C’est officiel : les quatre dernières compagnies britanniques de gestion des eaux qui maintenaient l’interdiction de l’usage des tuyaux d’arrosage y ont renoncé.

 Plusieurs compagnies avaient annoncé en mars la prohibition des tuyaux d’arrosage à la suite de deux hivers particulièrement secs qui menaçaient les nappes phréatiques. Quatre d’entre elles l’ont maintenue contre vents, marées, trombes d’eaux, inondations et noyades. Les noms de ces héros méritent d’être cités : South East Water, Sutton and East Surrey Water, Veolia Water Central et Veolia Water Southeast. Deux d’entre elles appartiennent à un groupe français et c’est peut-être leur ascendance gauloise qui leur confère cette irréductible et louable obstination. Elles ont toutefois fini par capituler, peut-être simplement parce que le jardinier qui arroserait son jardin en cette période passerait pour un original irréductible.

 Avril, mai et juin ont été chacun les mois les plus pluvieux en Grande Bretagne depuis que les statistiques existent (1910) et juillet suit le même chemin. Les organisateurs des Jeux Olympiques se préparent au déluge. Leurs plans de contingence vont de l’acquisition massive de ponchos au report d’épreuves empêchées par des terrains détrempés.

 De nombreux festivals sont annulés, d’autres se déroulent dans la boue. Les gens chantent et dansent sous la pluie. L’atmosphère festive qui imprègne la Grande Bretagne en cette année de Jubilée et de Jeux ne se dément pas. Le soleil aurait été bienvenu. Mais les averses se prêtent aux parapluies partagés, aux conversations sur l’ineptie des météorologues, à la contemplation de pelouses d’un vert intense. L’Angleterre pensait affronter la sécheresse. Elle assiste avec soulagement à la confirmation de son statut de pays humide.

Marley

 

Photo du film "Marley"

 Le documentaire de Kevin Mac Donald consacré au chanteur Bob Marley (1945 – 1981) nous immerge dans une vie exceptionnelle, intimement mêlée aux mouvements d’indépendance, à l’affirmation d’une identité noire et au Reggae.

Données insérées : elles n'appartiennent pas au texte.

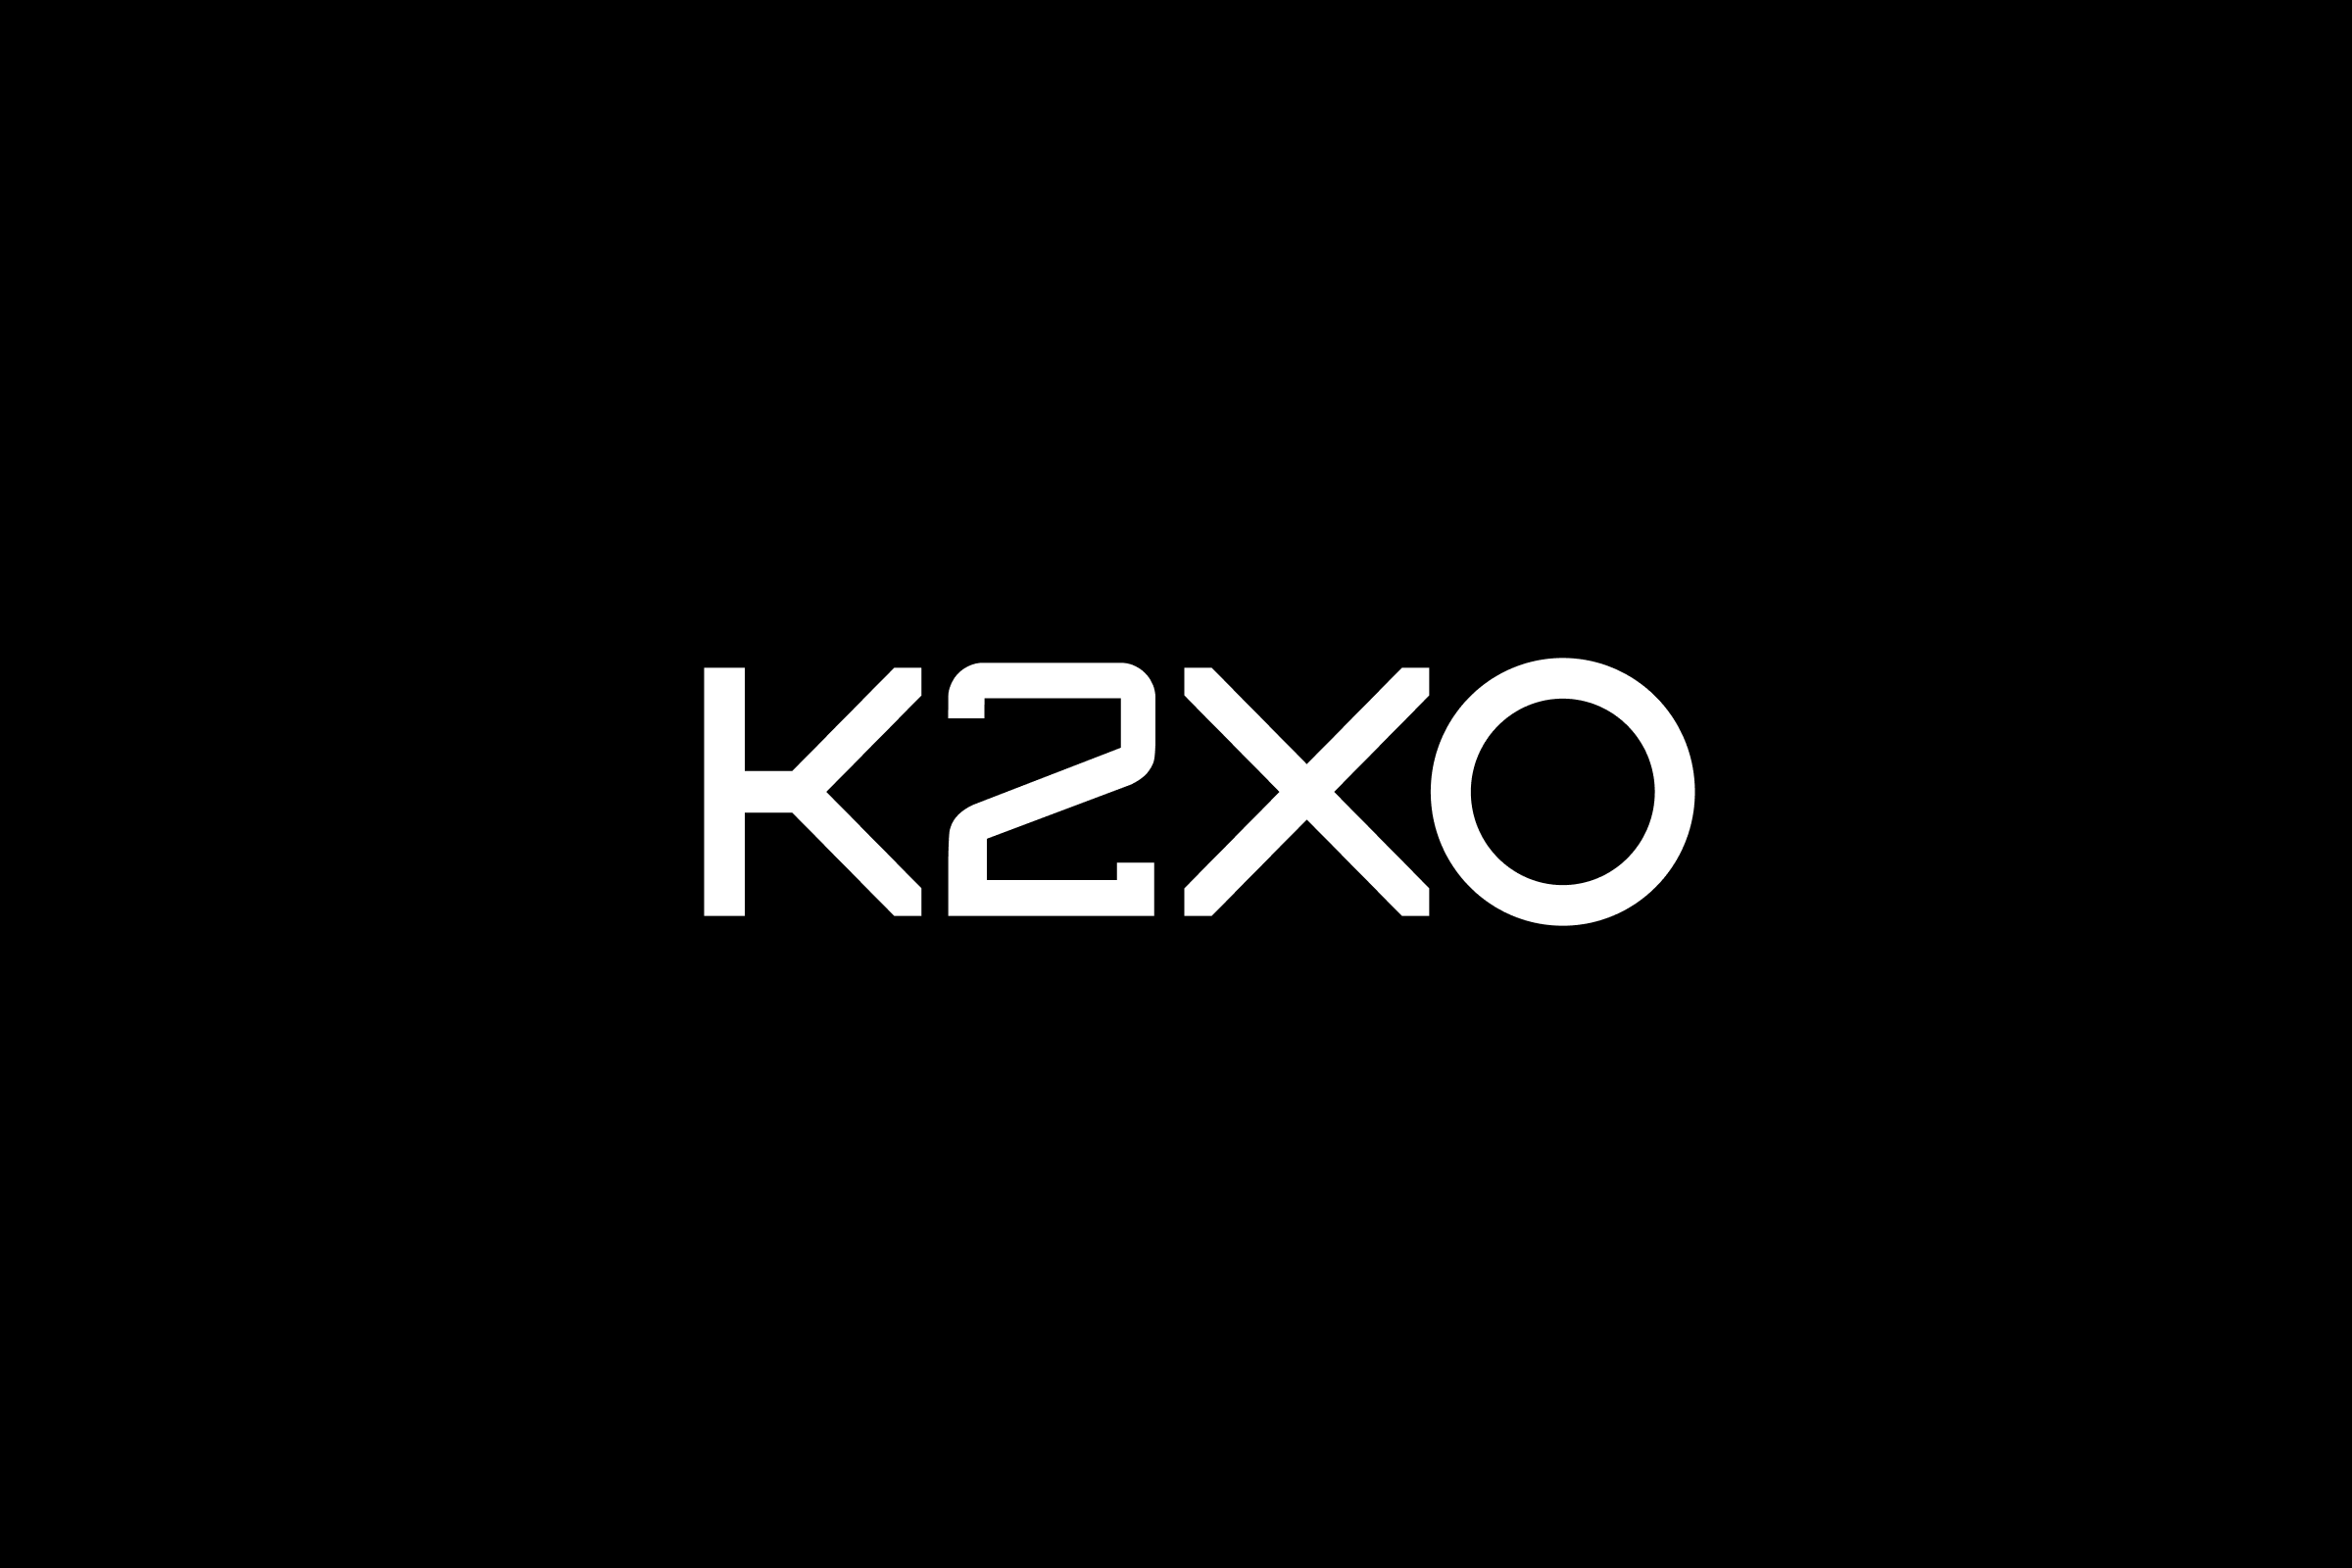 simon-p-coyle-branding-logo-design-2018-k2xo

 Bob Marley est né dans les hauteurs de la Jamaïque, dans des conditions proches de celles des hauts de la Réunion. Son père était un contremaître de domaine agricole d’ascendance anglaise, sa mère une descendante d’esclave. Dès l’enfance, Robert Marley fut à la fois exclu par la famille blanche de son père, et rejeté par ses condisciples noirs. Sa chance fut que sa mère était une personnalité exceptionnelle, tentant sa chance d’abord à Trenchtown, un bidonville de Kingston, puis aux Etats-Unis dans le Delaware. L’une des premières chansons de Bob, Corner Stone, est construite sur l’image évangélique de la pierre rejetée par les bâtisseurs et devenue pierre d’angle.

 Bob Marley est à la quête de son identité en adoptant un style de musique typiquement jamaïquaine mais accessible pour le public international, en particulier les noirs d’Afrique et d’Amérique ; et aussi en se convertissant au Rastafari, un messianisme afro-américain qui, entre autres croyances, considérait l’Empereur d’Ethiopie Haïlé Sélassié comme une incarnation du Christ. De fait, la visite de l’Empereur Messie à la Jamaïque en 1966 déclencha l’hystérie des foules.

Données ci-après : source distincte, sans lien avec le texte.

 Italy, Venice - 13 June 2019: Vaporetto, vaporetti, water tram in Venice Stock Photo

 Kevin Mc Donald observe que si le portrait de Bob Marley orne tant de chambres d’étudiants de par le monde, c’est parce que, comme Che Guevara, il symbolise la possibilité d’un monde différent et meilleur. C’est aussi parce que de son enfance misérable, de son identité déchirée il a reçu de fortes vibrations que la musique et les paroles de ses chansons ont transformées en un torrent d’énergie.

 Le film est fondé sur des images d’archive et sur les témoignages de proches du chanteur. Certaines images sont profondément émouvantes, comme ce concert pour la paix pendant lequel Marley obtint que les leaders de formations politiques au bord de la guerre civile se serrent la main. Certains témoins sont des personnages hauts en couleurs et les spectateurs rient de bon cœur à certaines de leurs répliques.